→ **WORK INSTRUCTION**:
Output everything in the data exactly, leaving the pictures out.

→ **COLLECTED DATA**:
● ● ● ● ●
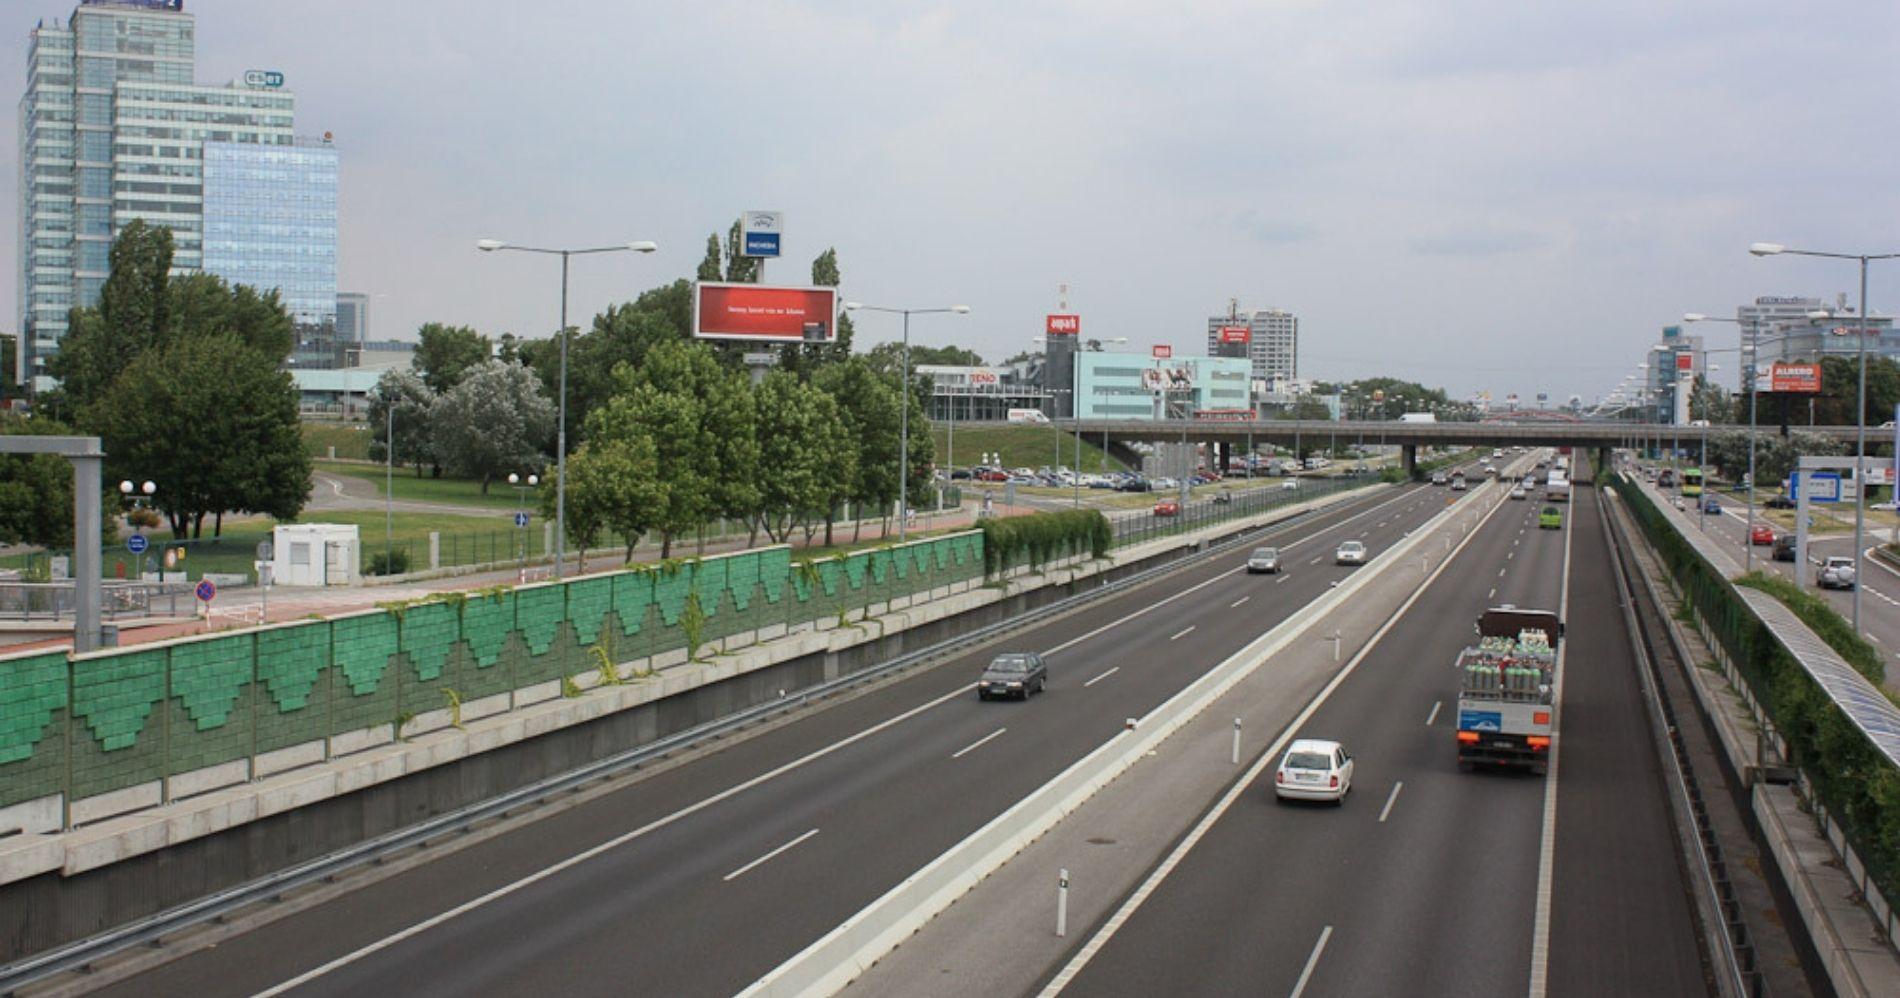 Traffic illustration Web Bisnis Muda - Image: Flickr
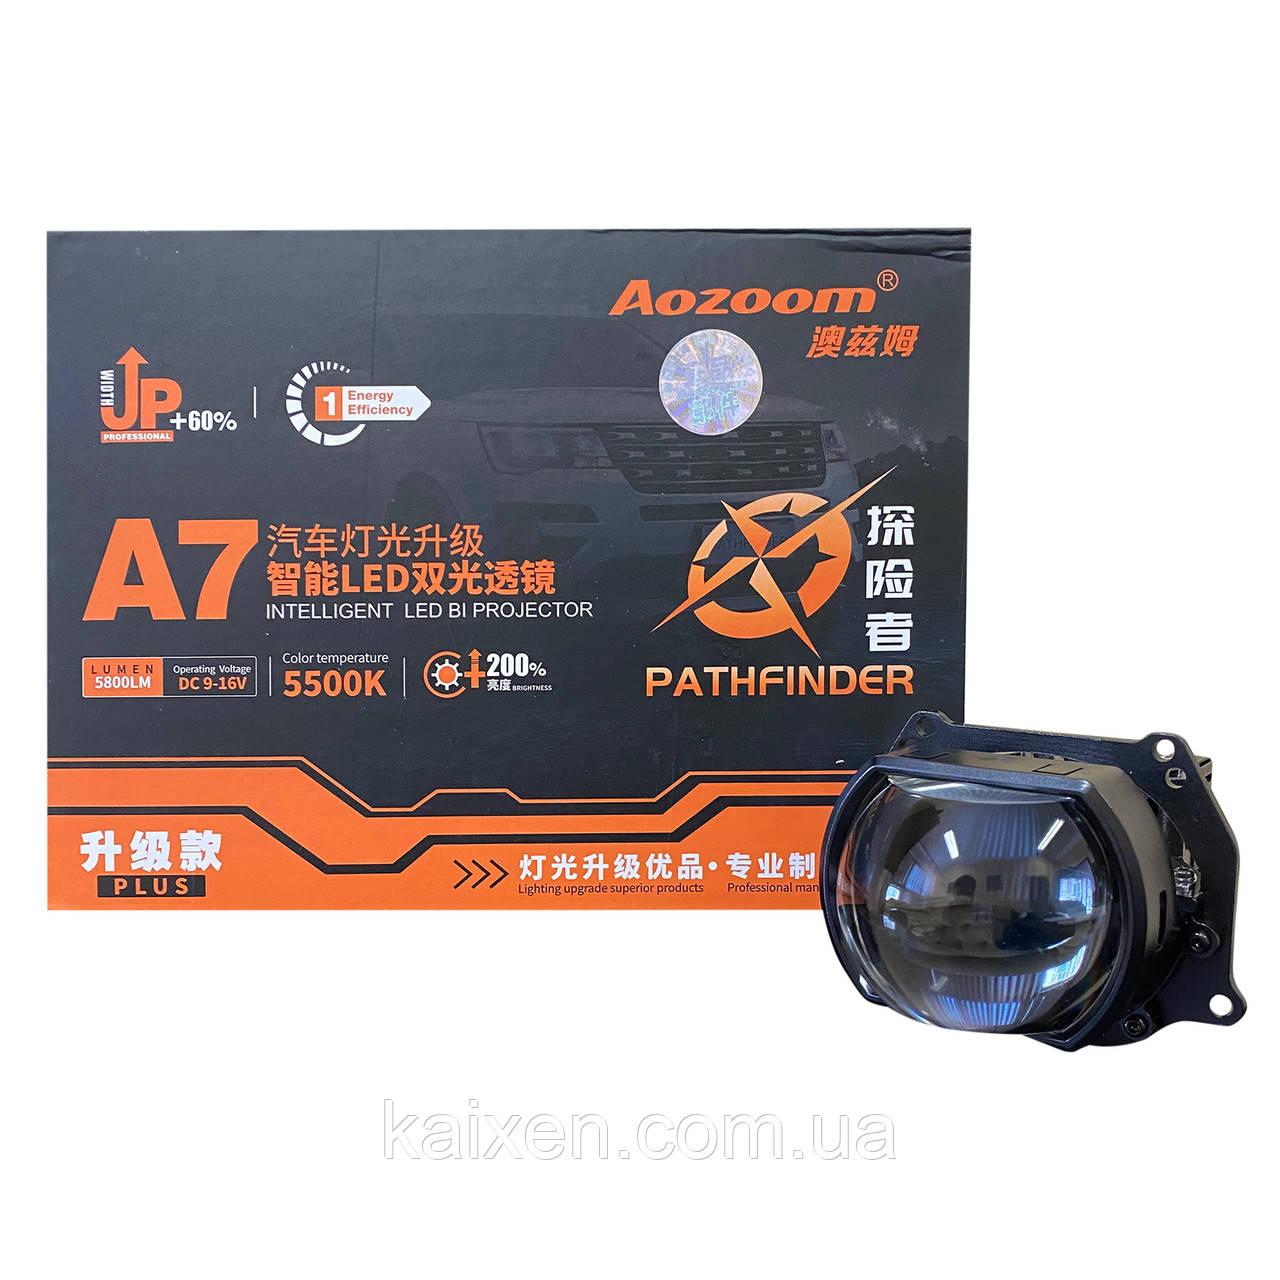 Bi-led лінзи Aozoom A7Pro 3 дюйми (прямокутна лінза)
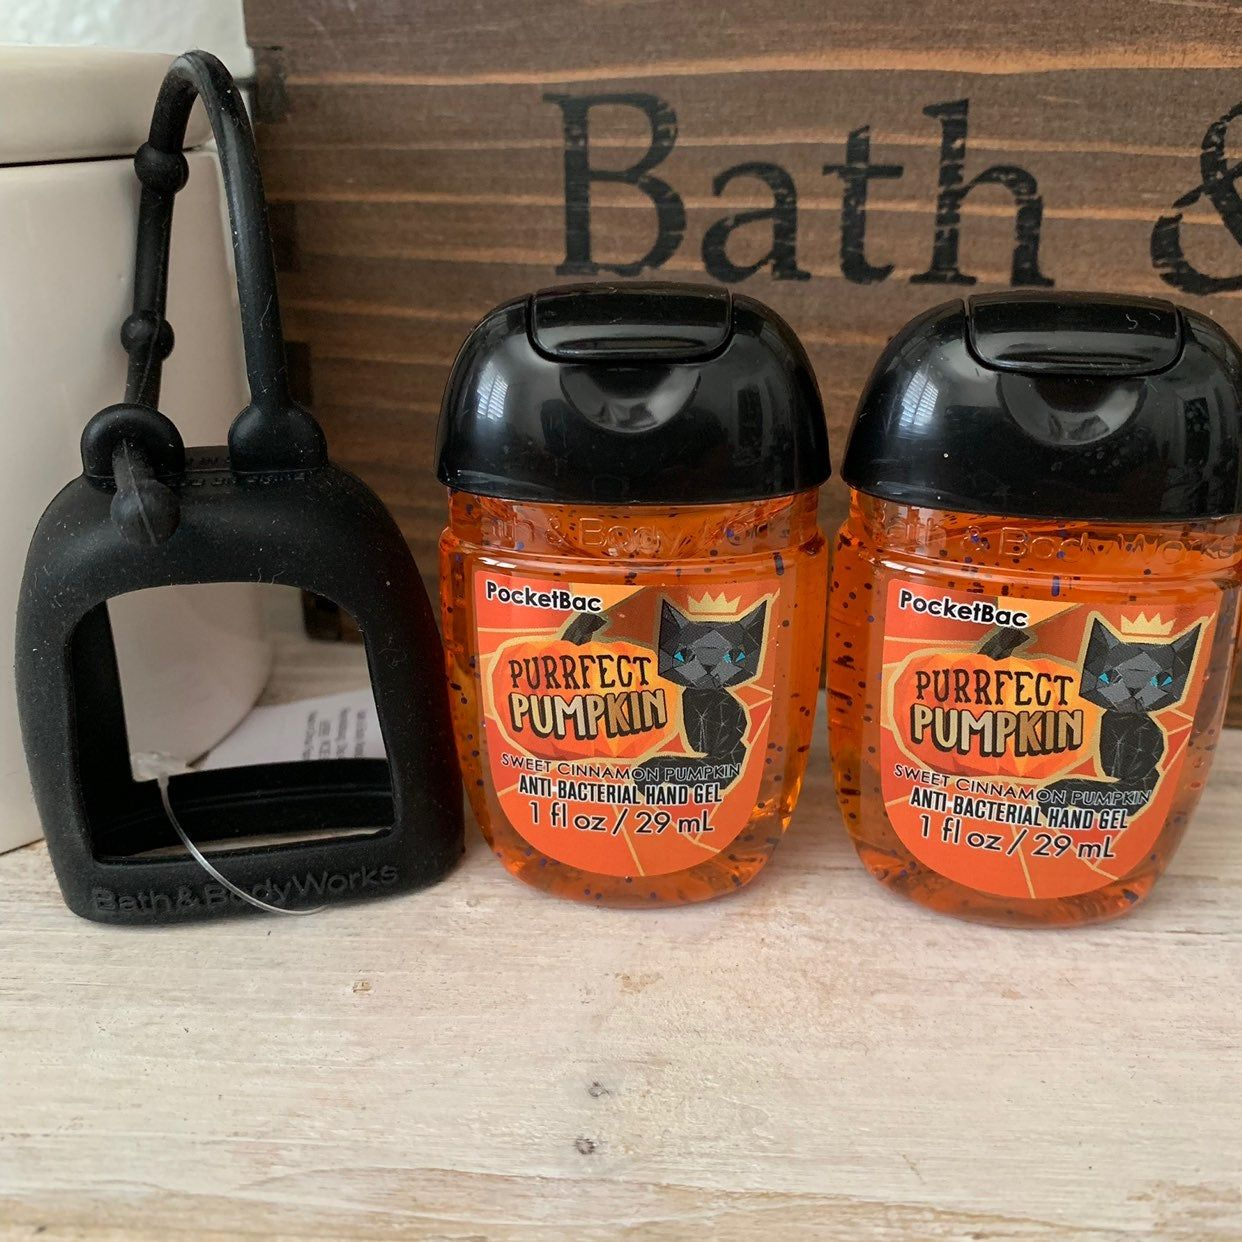 Details About 1 Bath Body Works Halloween Pocketbac Anti
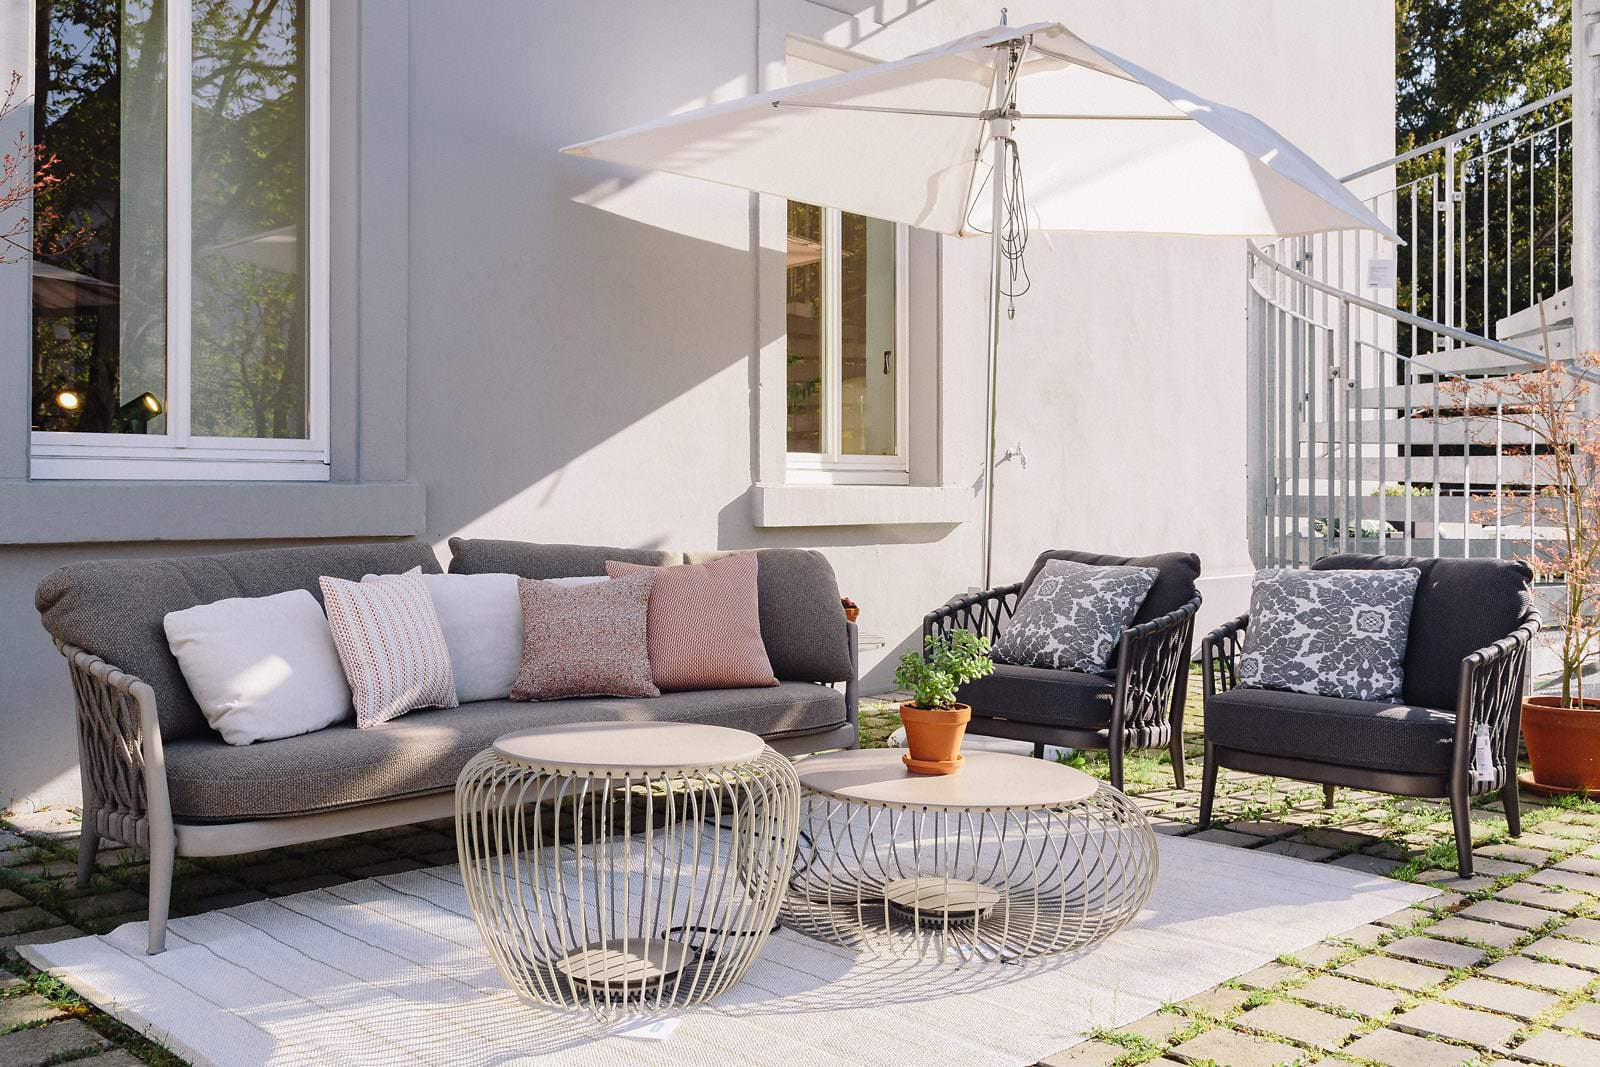 Full Size of Gartenmobel Lounge Design Wohnzimmer Gartensofa Tchibo
● ● ● ● ●
→ **RESULT OF THIS EXERCISE**:
 Traffic illustration Web Bisnis Muda - Image: Flickr
 Bi-led лінзи Aozoom A7Pro 3 дюйми (прямокутна лінза)
 Details About 1 Bath Body Works Halloween Pocketbac Anti
 Full Size of Gartenmobel Lounge Design Wohnzimmer Gartensofa Tchibo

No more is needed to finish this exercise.